TRINITY/KLAMATH RIVERS

TRINITY RIVER, Douglas City- The release to the Trinity from Lewiston Dam was below 3,500 cfs over the weekend, and dropping, while at Cedar Flat the river was flowing at 4,520 cfs, down to a little more than half of the flow a week ago. Although flows were still far higher than ideal for fishing, some diehards were trying for brown trout and spring run Chinook salmon, and there were some reports of success, mostly in the upper river above Douglas City. Even though flows were much higher at Burnt Ranch and Grays falls, a few locals were making the long trek into the canyon and catching a few springers on roe weighed down with at least one ounce of weight.
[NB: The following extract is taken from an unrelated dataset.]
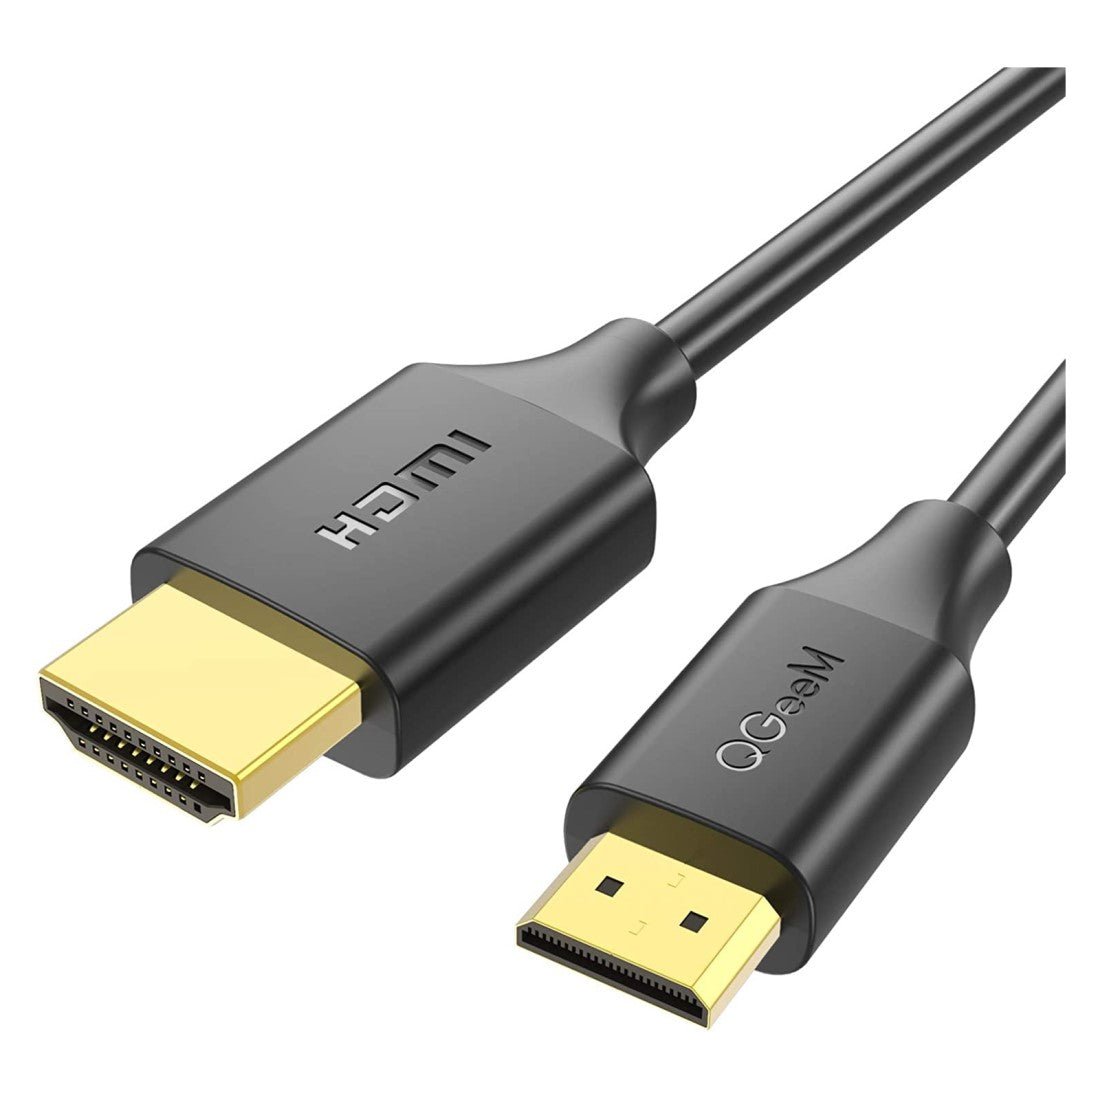 pibox India, Micro HDMI cable to HDMI Cable, 4K 60Hz, 1.5 Meter 5

KLAMATH RIVER, Iron Gate Dam-The release from Iron Gate Dam was still 3,200 cfs as of last weekend, still quite high and unfishable. Hopefully flows will start dropping into the fishable range again soon.

NORTHERN FOOTHILLS

AMERICAN RIVER-The Middle Fork near Georgetown was running high and cold, but clear enough to fish. A Georgetown local hiked down to the river and picked up a couple of nice rainbows. Heavy rain over the holiday weekend made for poor fishing conditions. As warmer weather prevails, the runoff will increase and muddy up the river.

BULLARDS BAR-The lake is at 95-percent capacity. Heavy rain over the holiday weekend slowed the fishing. Bass action should be good when the weather stabilizes with 20- to 25-pound limits of spots a distinct possibility.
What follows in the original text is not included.